[THE DATA — start]

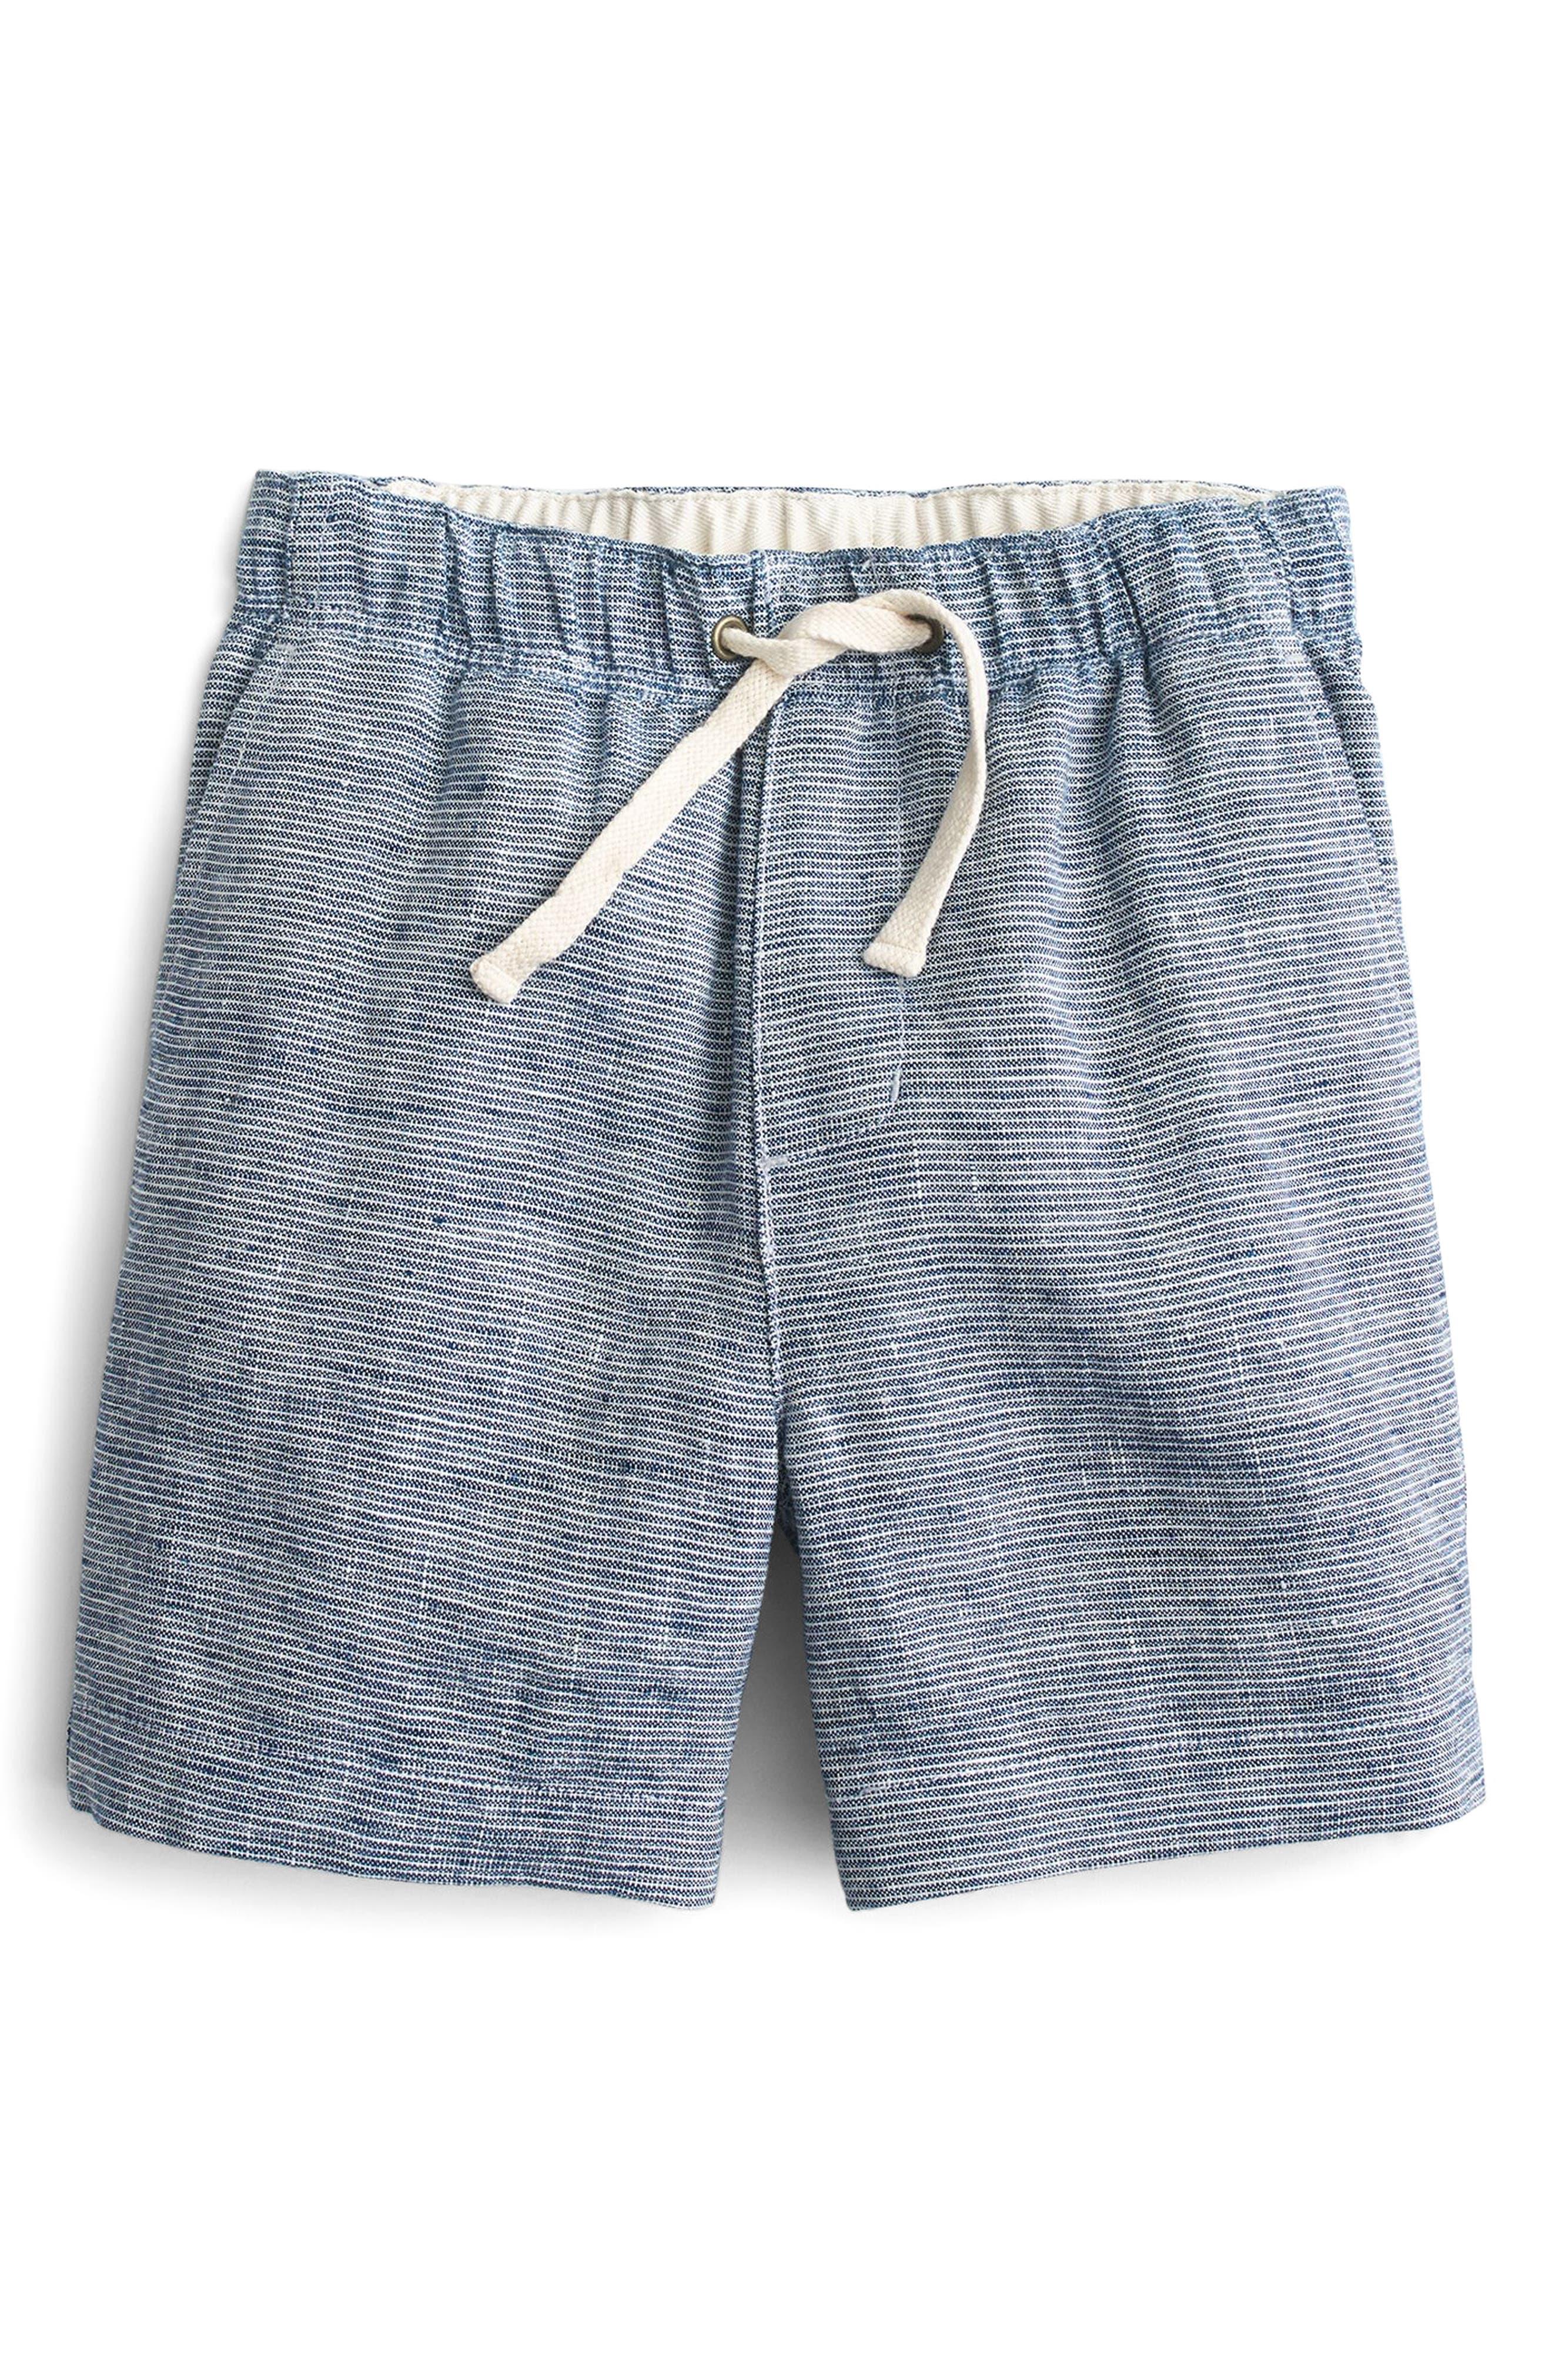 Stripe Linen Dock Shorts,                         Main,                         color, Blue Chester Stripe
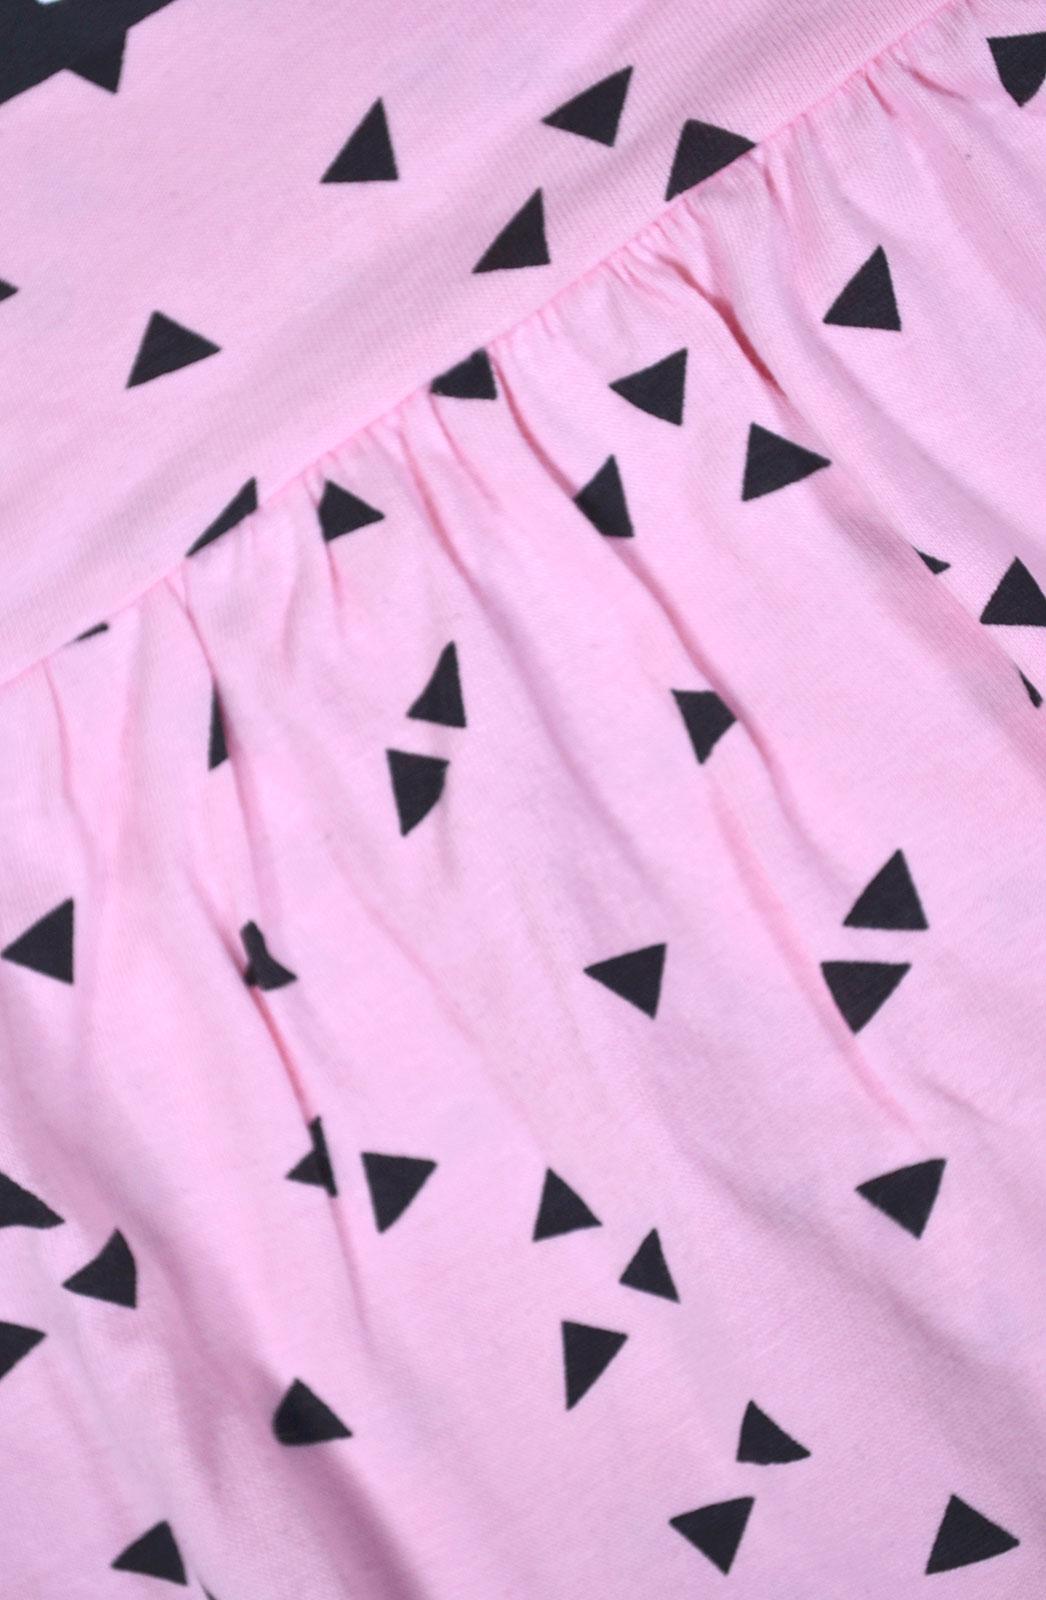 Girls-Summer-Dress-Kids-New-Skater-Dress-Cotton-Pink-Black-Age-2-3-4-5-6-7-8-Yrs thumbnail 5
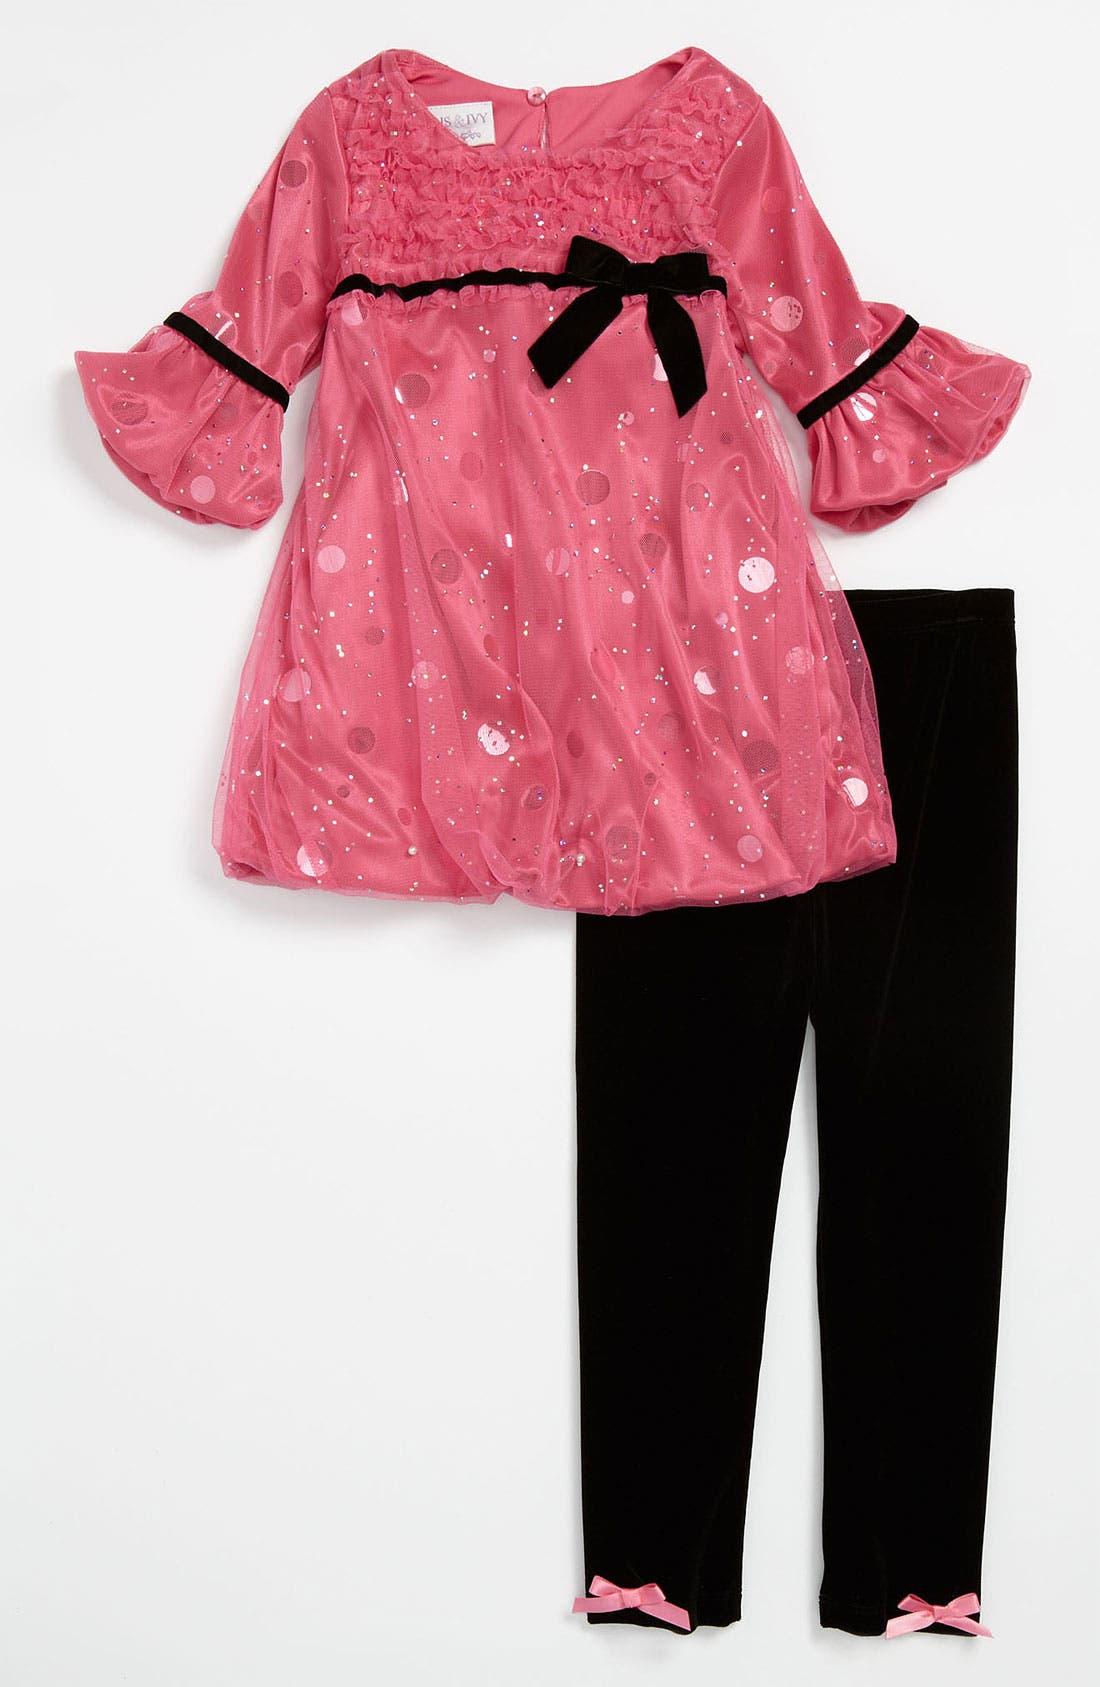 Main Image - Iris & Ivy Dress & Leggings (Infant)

[THE DATA — finish]

**YOUR TASK:** Any picture found in the data is to be skipped while the rest is copied exactly.

**RESULT OF THE TASK:**
 Stripe Linen Dock Shorts,                         Main,                         color, Blue Chester Stripe
 Girls-Summer-Dress-Kids-New-Skater-Dress-Cotton-Pink-Black-Age-2-3-4-5-6-7-8-Yrs thumbnail 5
 Main Image - Iris & Ivy Dress & Leggings (Infant)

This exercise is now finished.